Do your marketing efforts look like this?

This morning I stumbled upon the cluetrain manifesto. In short, it is GREAT.
The basic idea is that traditional mass media advertising and marketing methods are going to fail. The manifesto gives a great historical perspective of how sellers and buyers have interacted in the past.
In the beginning, markets were simple: a seller would talk with a buyer face-to-face. The market was simply a conversation between a seller (telling a buyer what he was selling) and a buyer (telling the seller what he wanted).
But the industrial age changed all that. Mass production made interchangeable products, and sold them to interchangeable consumers. In this time, customers became as similar in the minds of producers as their products.
This led to mass marketing, which in turn, led to the fact that marketers were broadcasting their messages to people that didn’t want to hear them. Instead of going to an open-air market to barter and negotiate over goods and services, the consumer was subjected to a barrage of impersonal marketing messages.
As the manifesto states:
Every one of us knows that marketers are out to get us, and we all struggle to escape their snares. We channel-surf through commercials; we open our mail over the recycling bin, struggling to discern the junk mail without having to open the envelope; we resent the adhesion of commercial messages to everything from sports uniforms to escalator risers.

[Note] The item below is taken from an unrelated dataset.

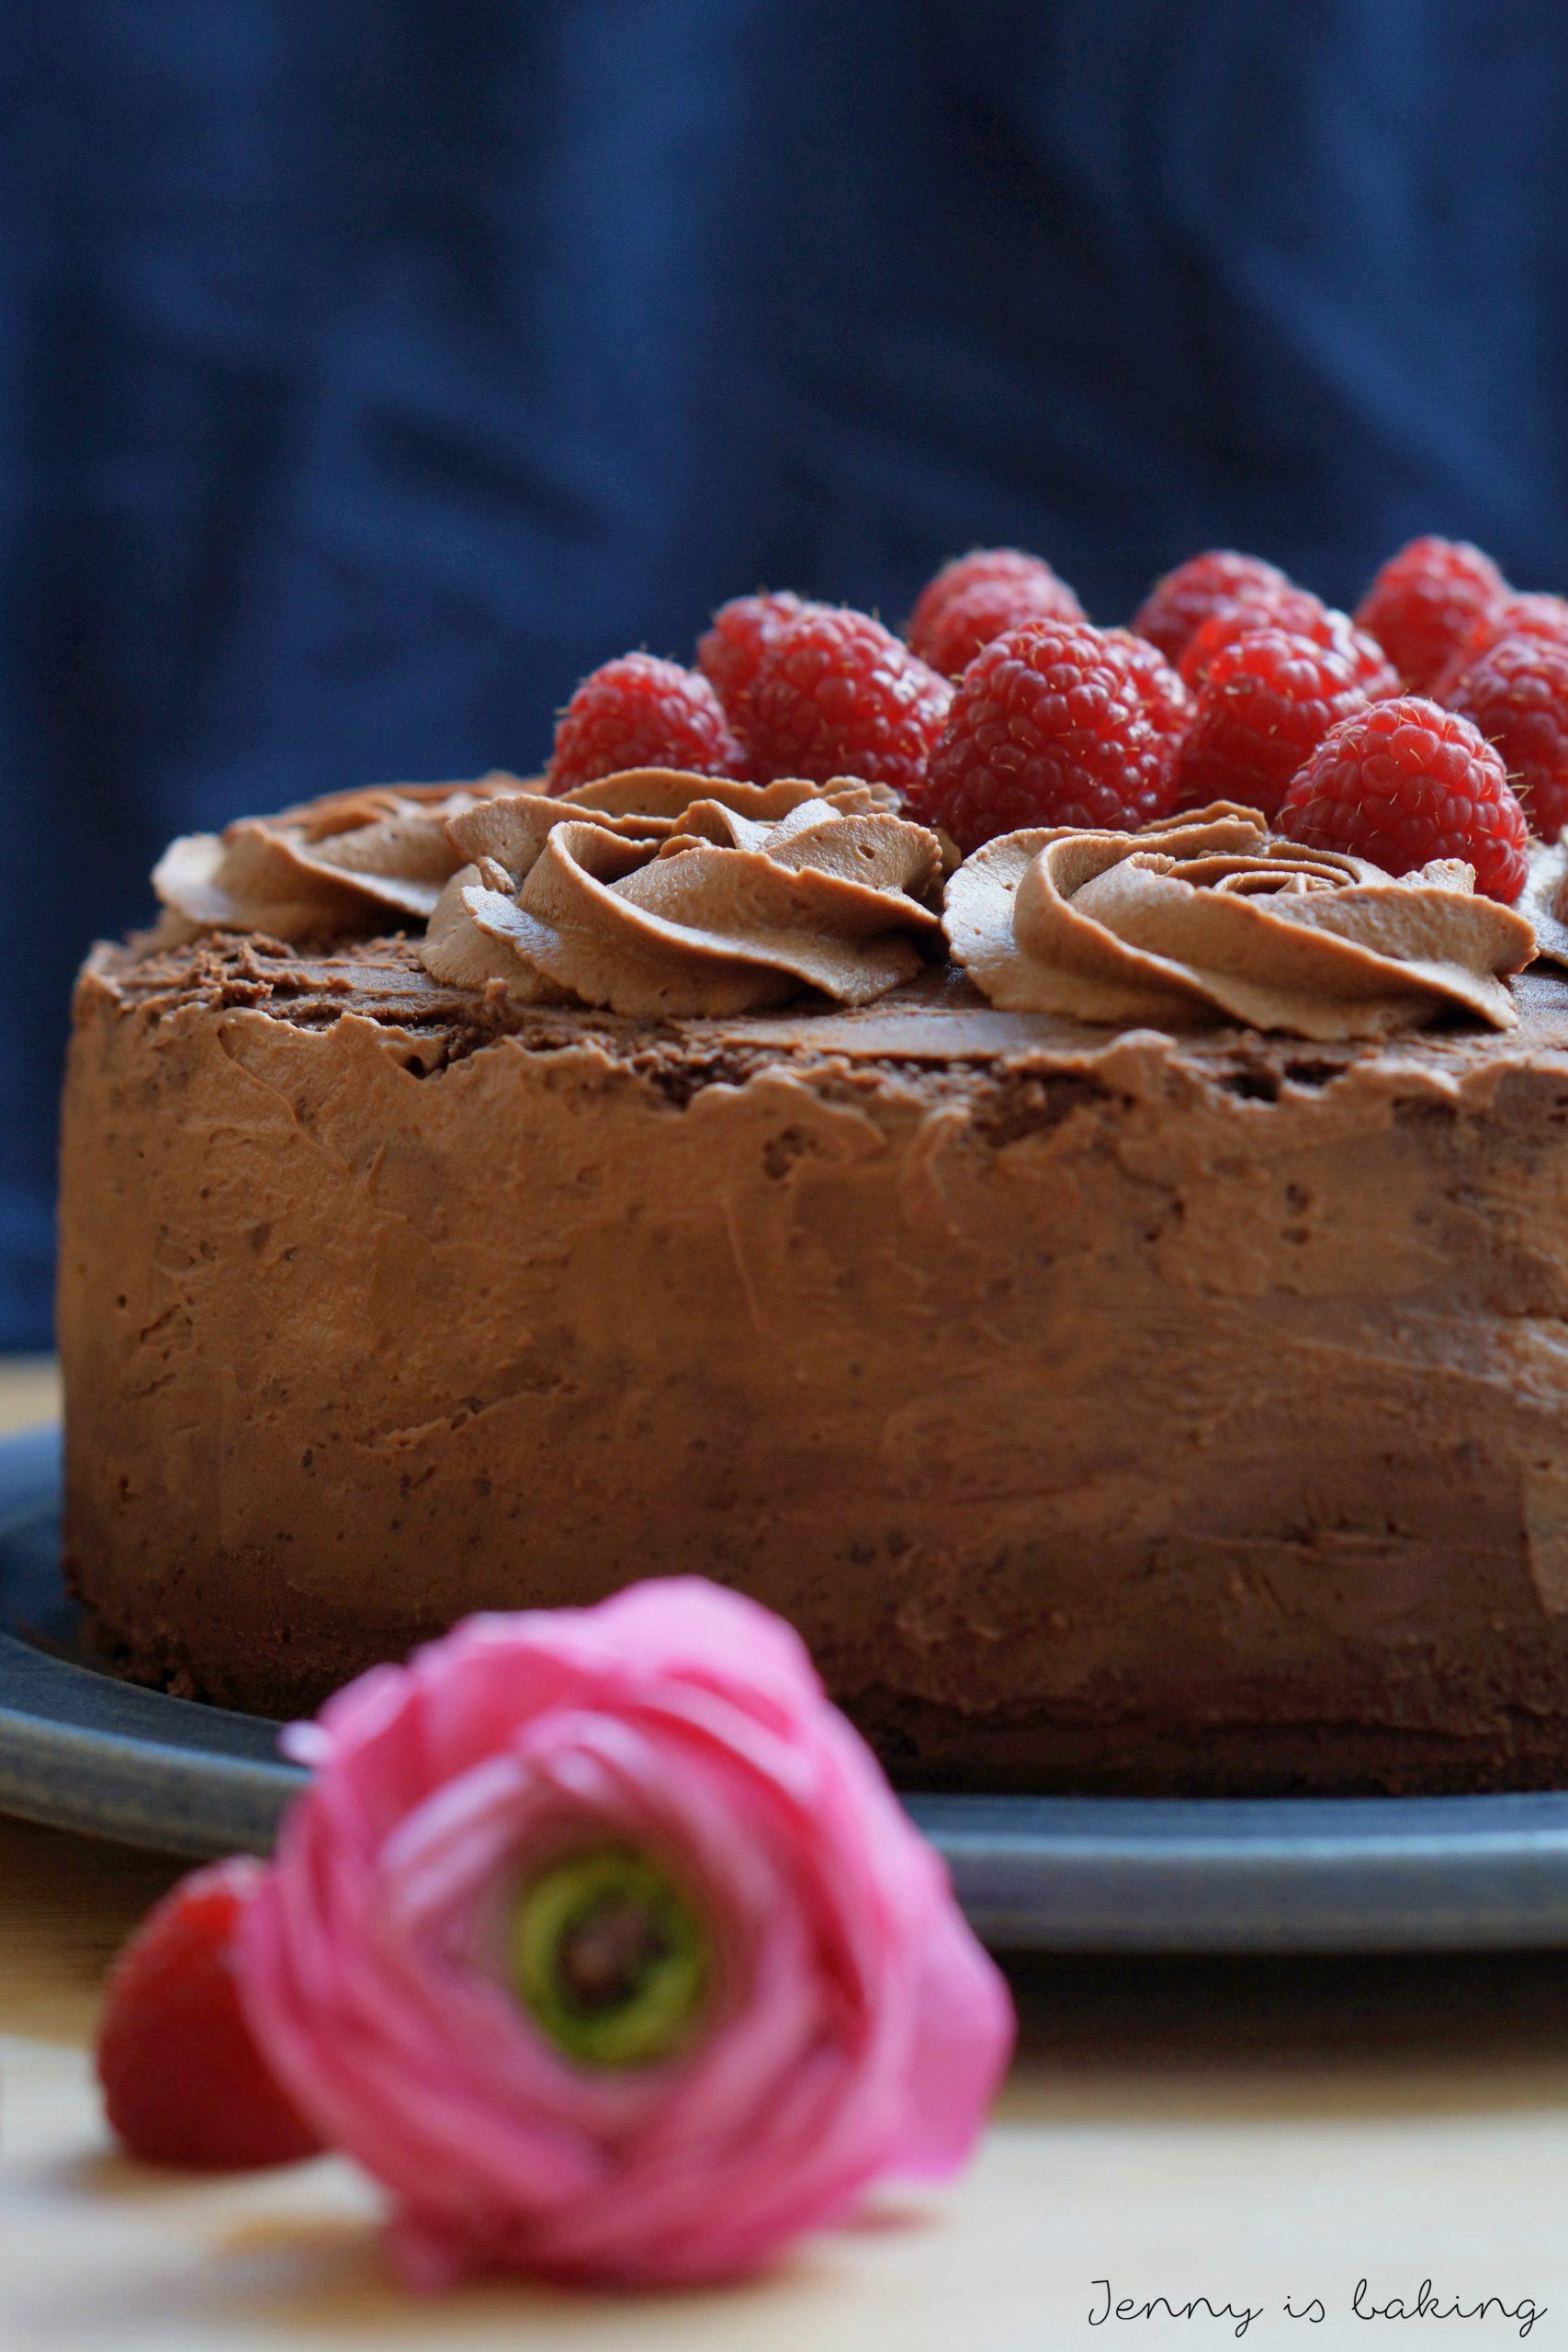 Rezept für Schoko Torte mit Himbeeren von Jenny

The internet is going to change all that.
Sure, the internet is littered with ads, scams, spam, and other mass market advertisers. But when you look through all the dressing, you can see that new markets are forming. These markets consist of people that are interested in talking- in participating in the conversation.

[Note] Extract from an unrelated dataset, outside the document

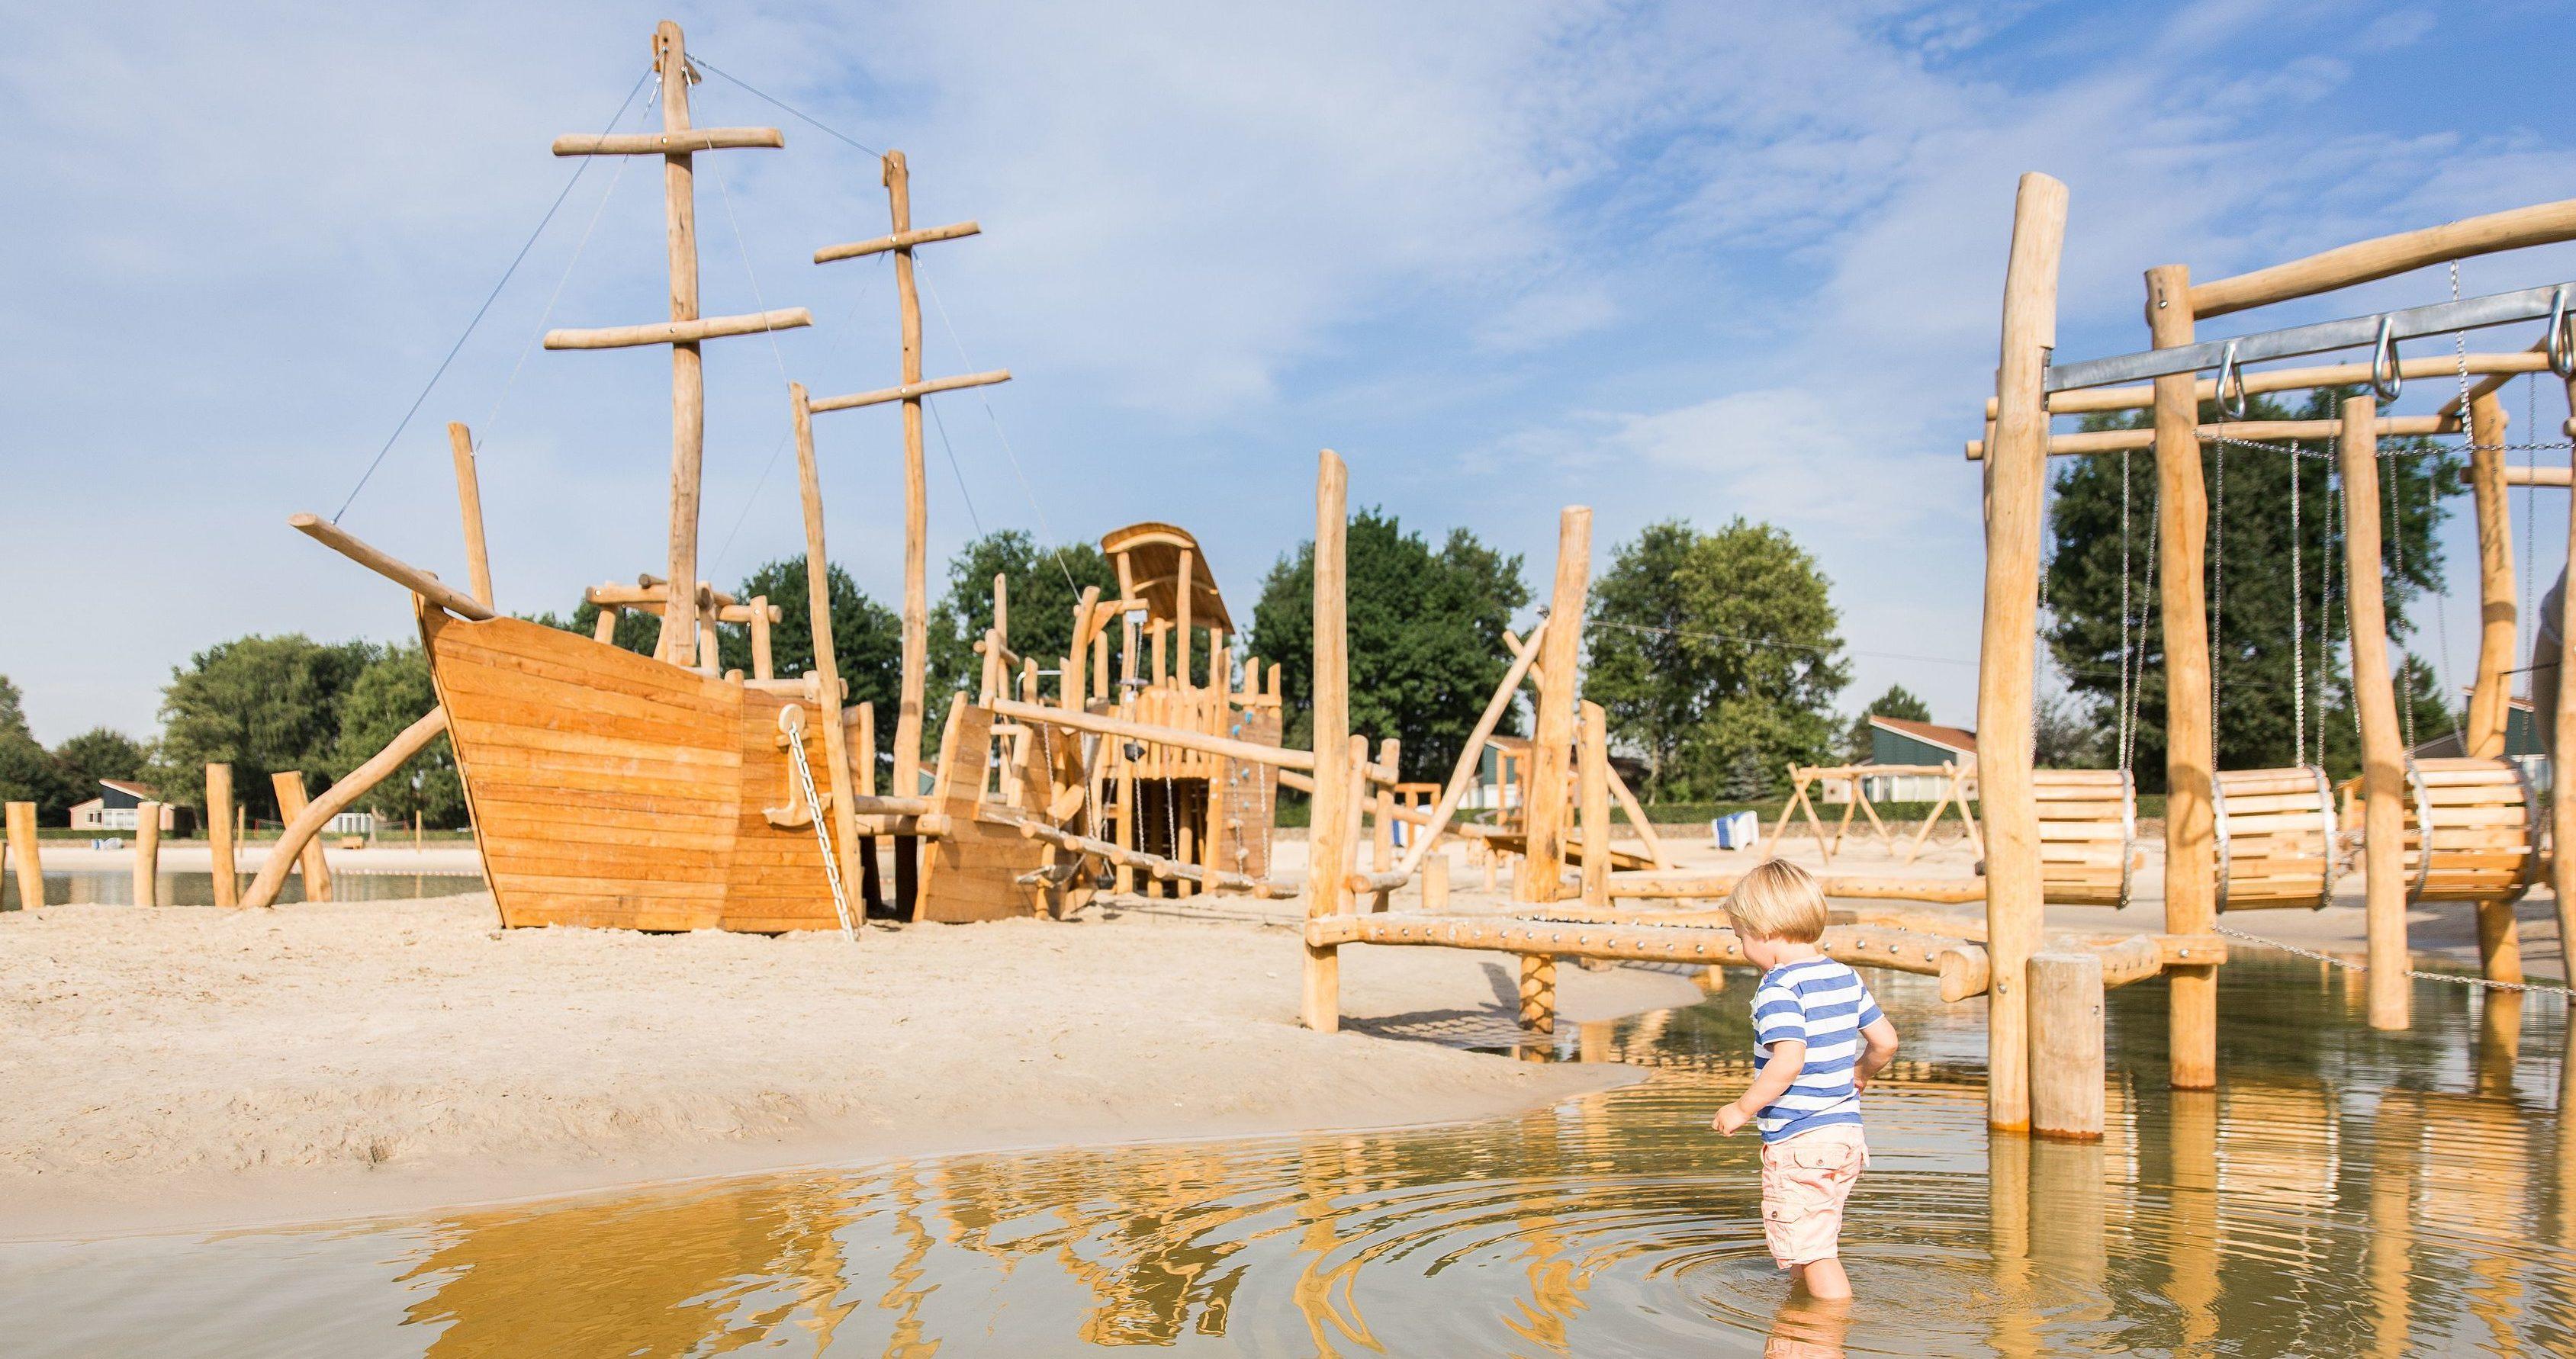 Meivakantie doorbrengen in Drenthe met de kinderen.

Again, the Cluetrain Manifesto puts it best:
In this new place, every product you can name, from fashion to office supplies, can be discussed, argued over, researched, and bought as part of a vast conversation among the people interested in it. “I’m in the market for a new computer,” someone says, and she’s off to the Dell site. But she probably won’t buy that cool new laptop right away. She’ll ask around first — on web pages, on newsgroups, via email: “What do you think? Is this a good one? Has anybody checked it out? What’s the real battery life? How’s their customer support? Recommendations? Horror Stories?
So what does this mean?
Just putting a web site up isn’t enough anymore. People aren’t interested in empty corporate press releases. They want to know the objective truth.
One more quote:
Not only can the market discover the truth in the time it takes to do a search at a discussion archive, but the tinny, self-absorbed voices of business-as-usual sound especially empty in contrast to the rich conversations emanating from the web.

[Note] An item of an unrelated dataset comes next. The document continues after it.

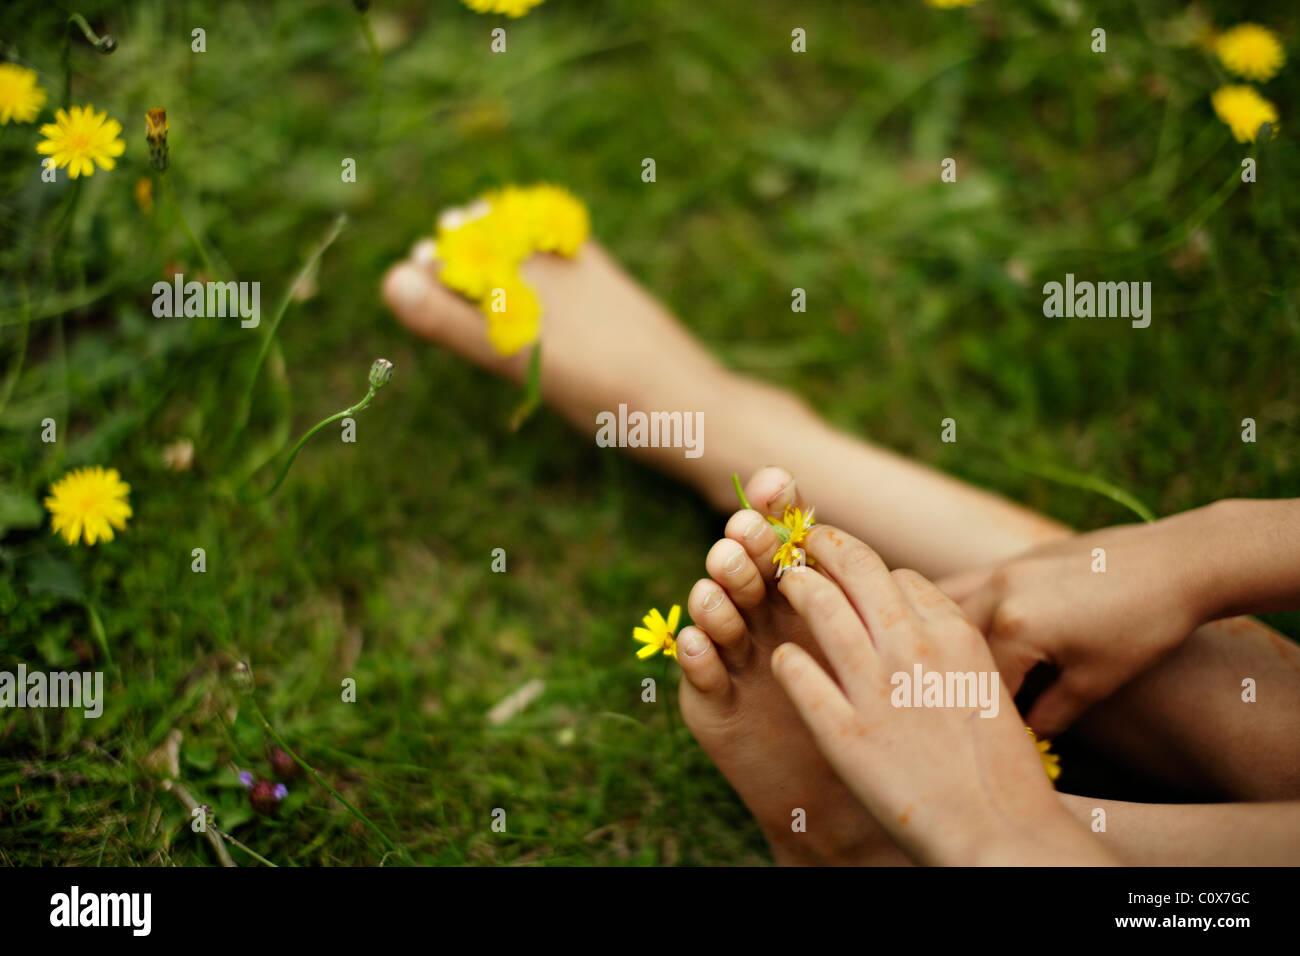 Mädchen setzt gelbe Blüten zwischen ihren Zehen. Stockbild

I understand that all of this sounds more suited to products than services, but the same basic premise applies: any business that hopes to attract new clients needs to join the conversation, and they need to be honest.
I think blogs and blawgs (I know, many of you HATE the name) are doing just that. Bloggers are surely promoting their services, but they’re doing it in an honest, truthful way. It’s not a direct advertisement, and it takes more work than putting an ad in a newspaper, but in the end, it’s worth it. It’s all about credibility.
Having a pole in the water just doesn’t cut it anymore. You’ve got to get out there and actually talk with the fish.